Правда, в какую сторону идти на войну, Сева не имел представления. Не мог сориентироваться в родных городских джунглях — с какого боку линия фронта проходит. Если бы залпы орудий были слышны, можно было бы по звуку сориентироваться. Но они не слышны.
Сева поднял голову и посмотрел в небо. Не на звёзды, так как днём звёзд не видно, а на тот случай, если в небе летят самолёты ВВС — истребители и бомбардировщики. Чтобы по их полёту направление вычислить и избрать. Но небо было чистым и безоблачным во всех смыслах.
— Над всей Россиею безоблачное небо, — сказал Сева. — Прям как назло.
У пятиэтажного дома мужик палкой выбивал ковры.
— Чего это он? — подумал Сева. — Праздника же впереди нет… Или есть? А я о нём не знаю? О празднике надвигающемся.
У следующего дома тоже выбивали. Не ковры только, а дорожки. Но это без разницы. Каждый выбивает то, что у него есть в наличии.
На стоянке такси выстроилась пыльная очередь из автомобилей. Очередь ждала клиентов. Клиенты ехали другими видами транспорта. Сева подошёл к таксисту. Таксист пил пиво с воблой. Бутылку ставил на крышу «Волги», воблу клал на газету «Правда».
— Пиво, считай, безалкогольное, — сказал таксист. И сказал: — Ехать будем?
— Ты на войну, в какую сторону идти, не знаешь? — сказал Сева и посмотрел на воблу.
— А в любую, — сказал таксист. — Война, она везде.
— Как везде?
— Ну, в том смысле, что война не вокруг нас, а внутри нас, — таксист куснул воблу с хвоста и сказал: — Понял?

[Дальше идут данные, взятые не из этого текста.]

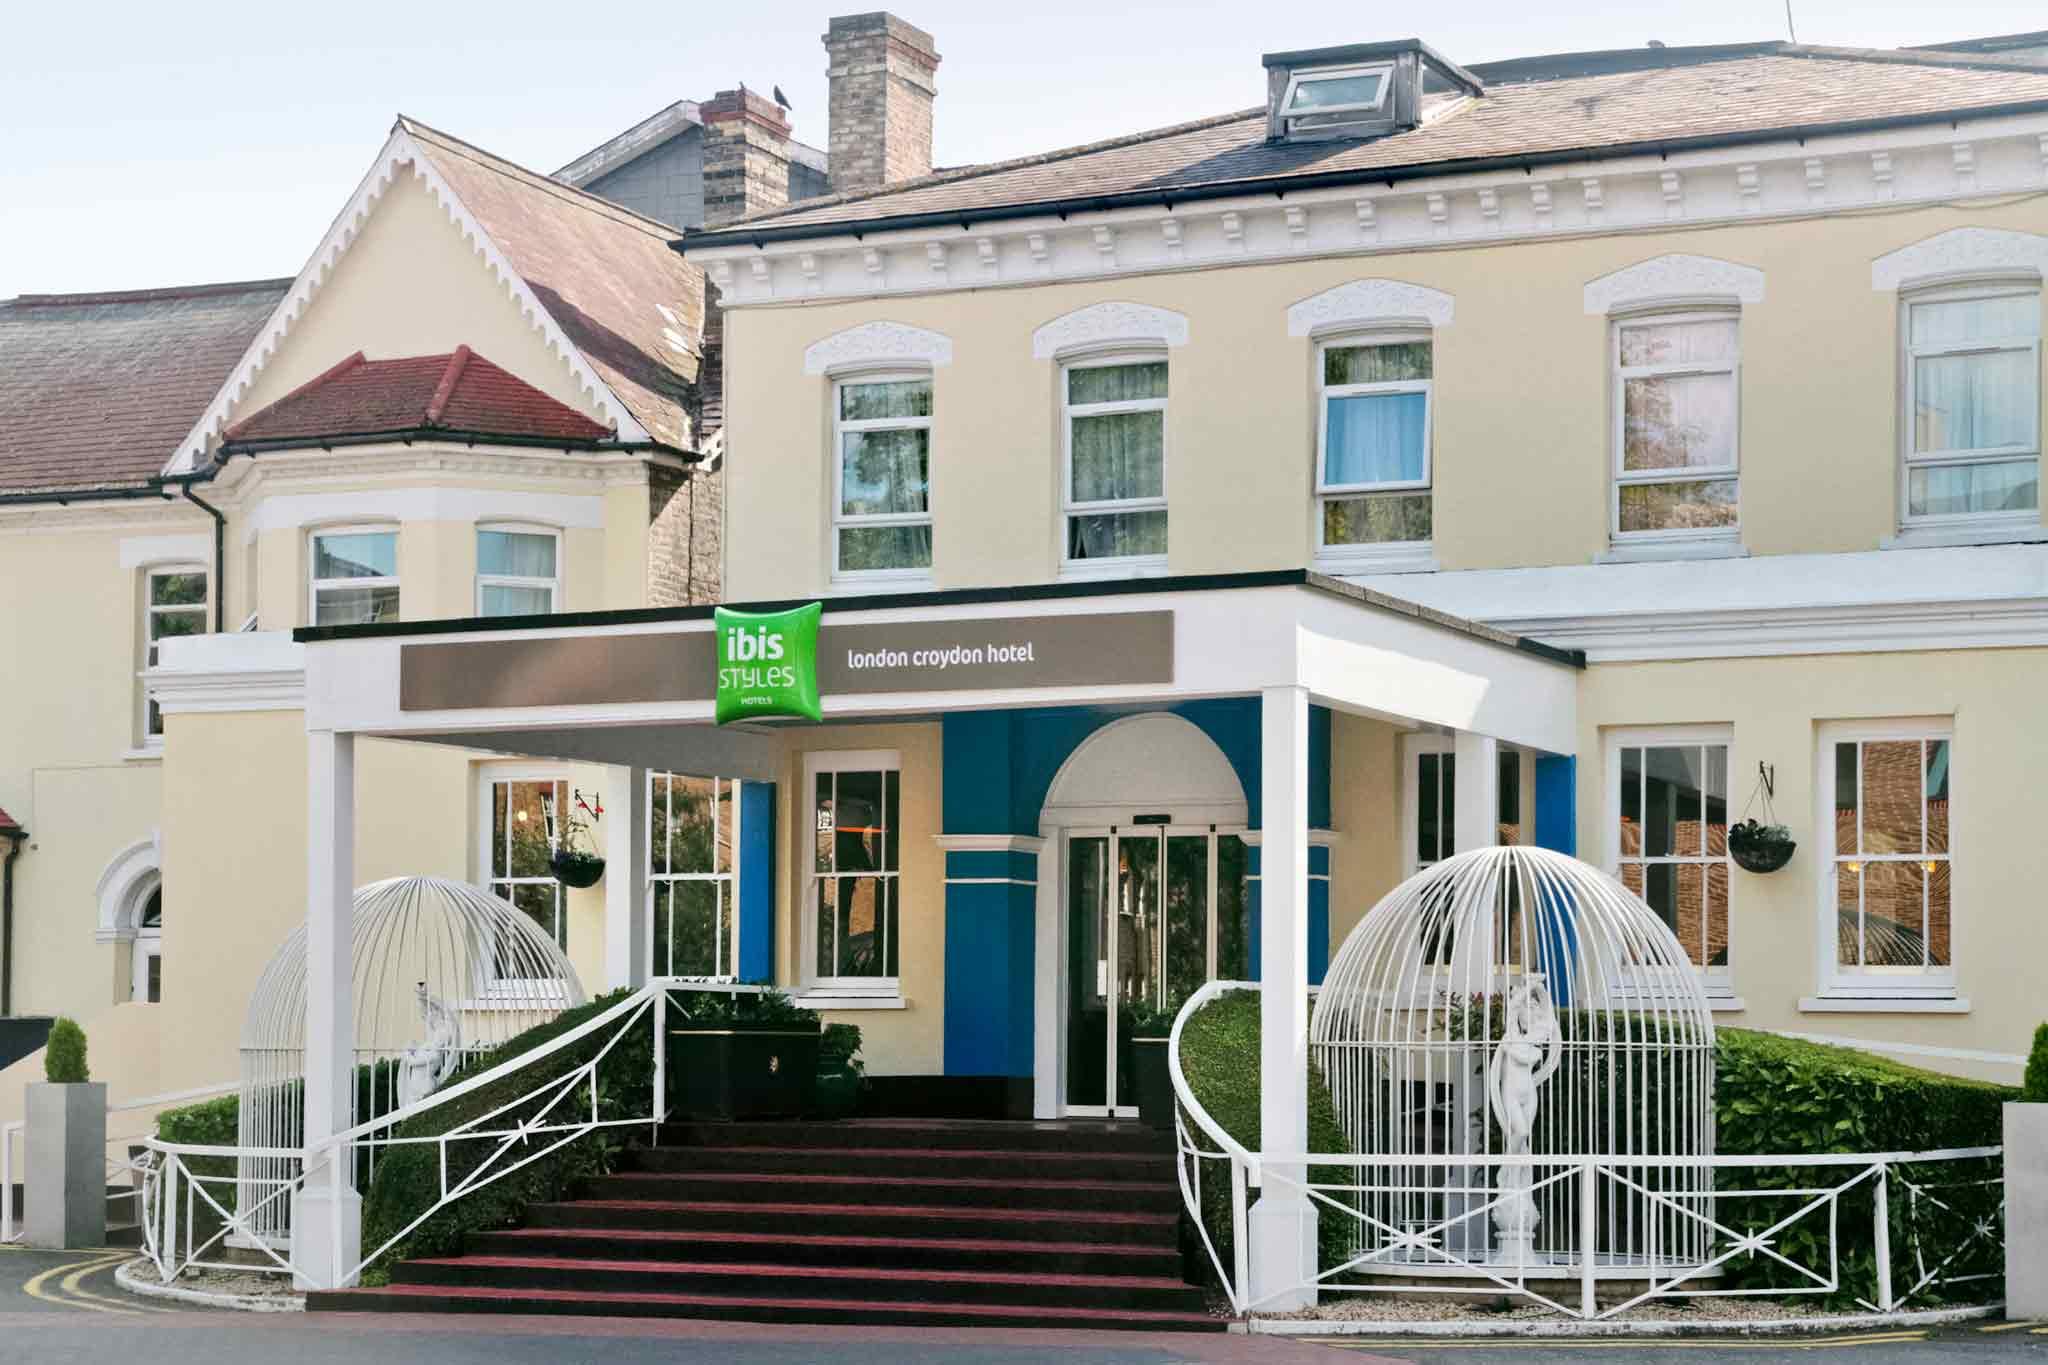 Hotel Ibis Styles London Croydon

Нет, этого Сева не понял. У него организм аллегорий всяких или там тропов не принимал. Особенно из уст таксистов, когда в устах у них вобла прожёвывается. И Сева пошёл вниз, с горы. В сторону юга. Хотя лучше бы он пошёл на север. Там, что ни говори, а вокзал. И автовокзал тоже там. И аэропорт. Но Сева шёл на юг. Строго и неуклонно. Поскольку улица Банная вела его на юг. А не на север. Он шёл по этой улице, спускаясь к реке, к переправе. Всё ниже и ниже. Ниже и ниже. Шёл и думал, что жрать хочется невыносимо, и думал, что это совсем некстати, поскольку голод не тётка и надо срочно идти его утолять.
2001
Арктика
К воротам института, повышающего квалификацию всем подряд не хуже общества «Знание», я подошёл без пяти семь. Ворота ещё не открывали. И снаружи топтались люди с сумками, рюкзаками, детьми. Я поставил свой чемоданчик на бордюр.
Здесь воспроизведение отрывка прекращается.